The signature came on March 6, 2017, but the deal has only now become complete – with PSA Group, together with Opel/Vauxhall, becoming the second most important producer in Europe.
Following a long, 88-year stint inside the GM family, the German automaker and its British subsidiary have become part of Europe’s second-largest carmaker by vehicle sales. “It is a historic day,” commented Opel’s new CEO Michael Lohscheller in the official statement. “We are proud to join Groupe PSA and are now opening a new chapter in our history after 88 years with General Motors. We will continue our path of making technology `made in Germany´ available to everyone.” The official announcement also comes with important strategic measures at Opel/Vauxhall – Christian Müller, Rémi Girardon, Philippe de Rovira, and Michelle Wen, are new additions on the management team.

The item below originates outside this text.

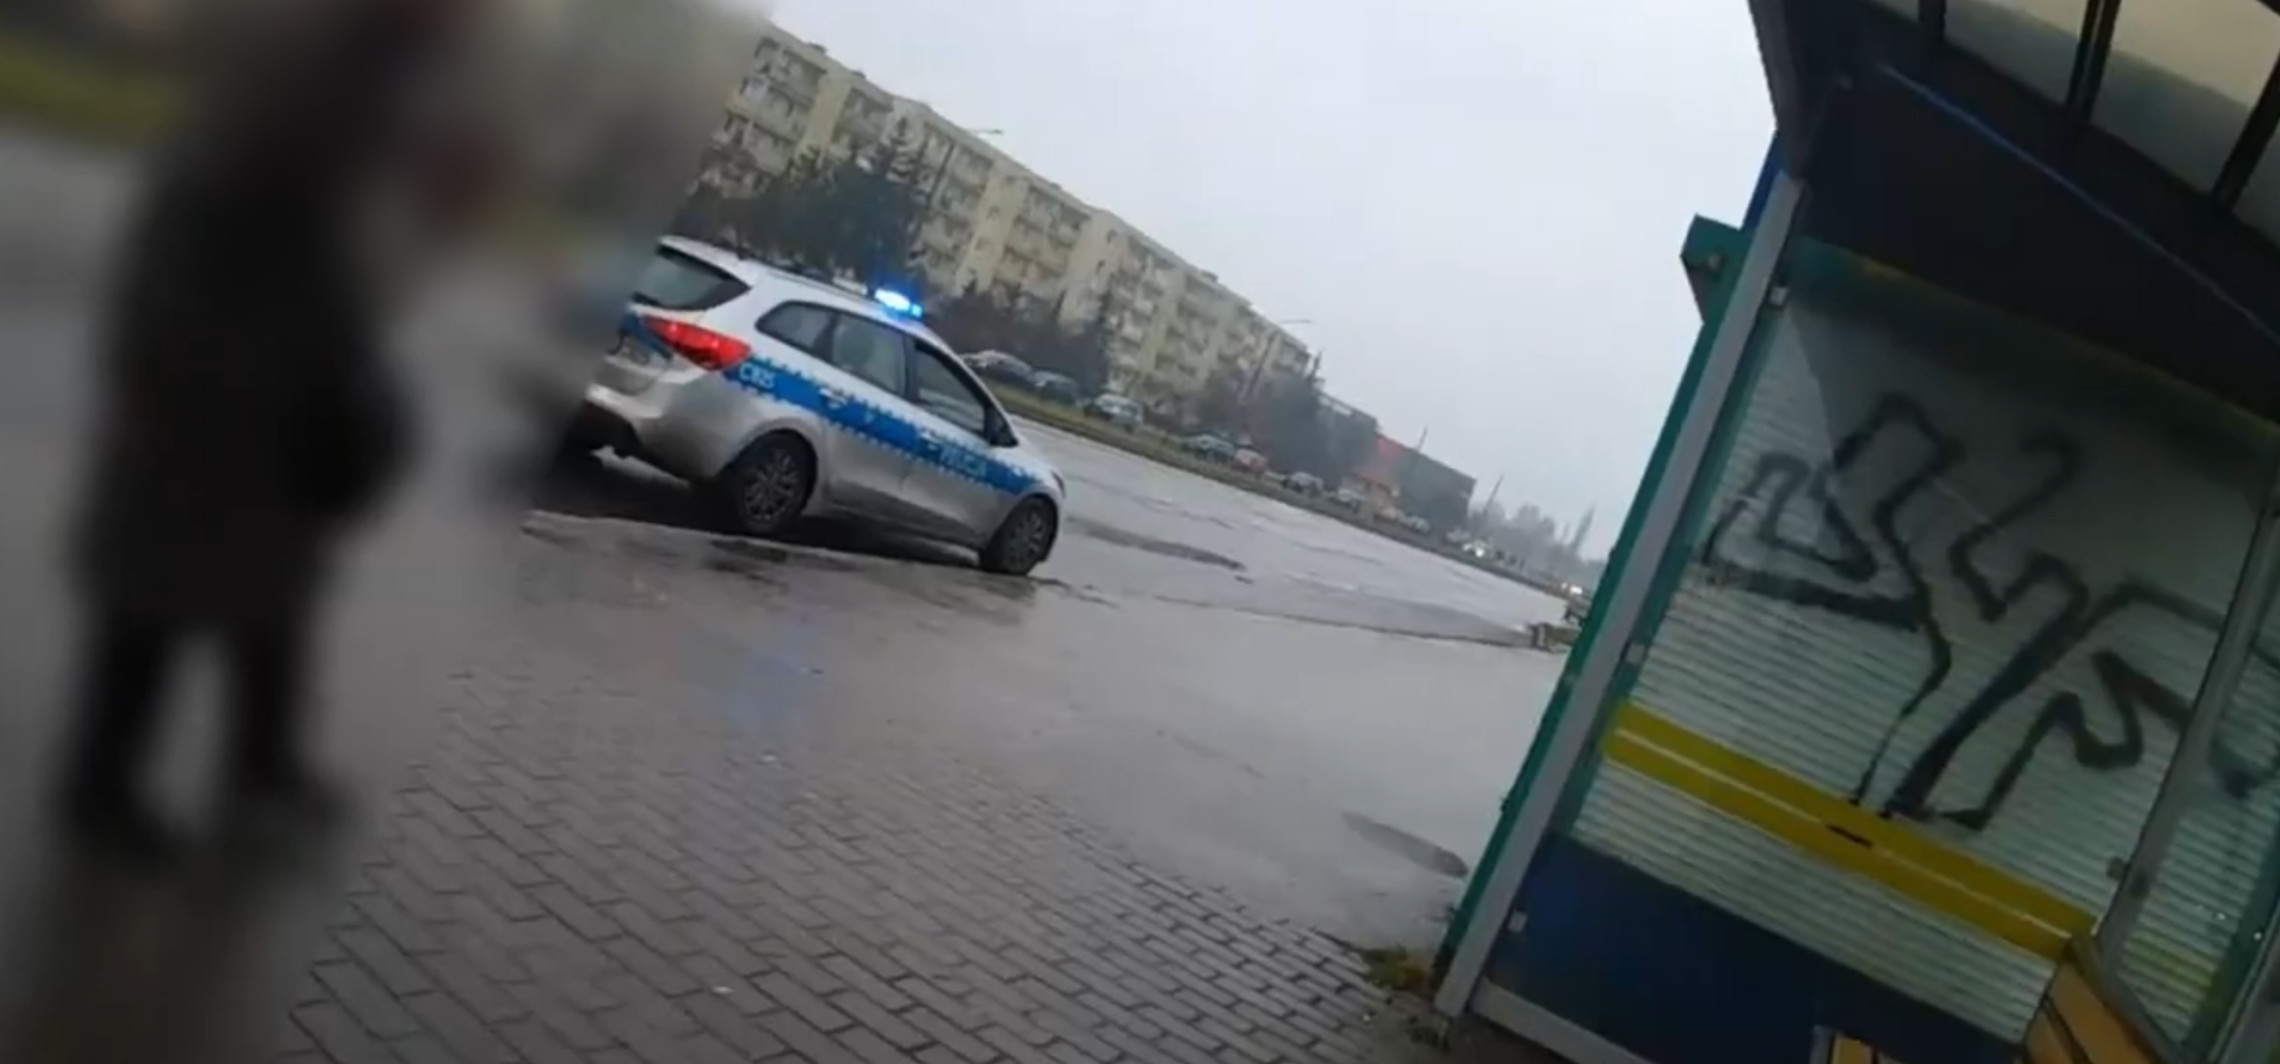 Inowrocław - Policjantka dostrzegła dziwne zachowanie mężczyzny na przystanku. Potrzebował pomocy

They are coming to replace William F. Bertagni, Philip R. Kienle, and Katherine Worthen. In addition, ex-CEO Karl-Thomas Neumann is also nowhere to be found at Opel, following his resignation in June and his subsequent announcement he will only stay with the company until the merger is complete. Now the new management team has 100 days at its disposal to come up with a new management strategy that will lead “to generate a positive operational free cash flow by 2020 as well as an operating margin of two percent by 2020 and six percent by 2026.” “The combination of our strengths will enable us to turn Opel and Vauxhall into a profitable and self-funded business. We have set ourselves the clear target of returning to profitability by 2020,” added Lohscheller.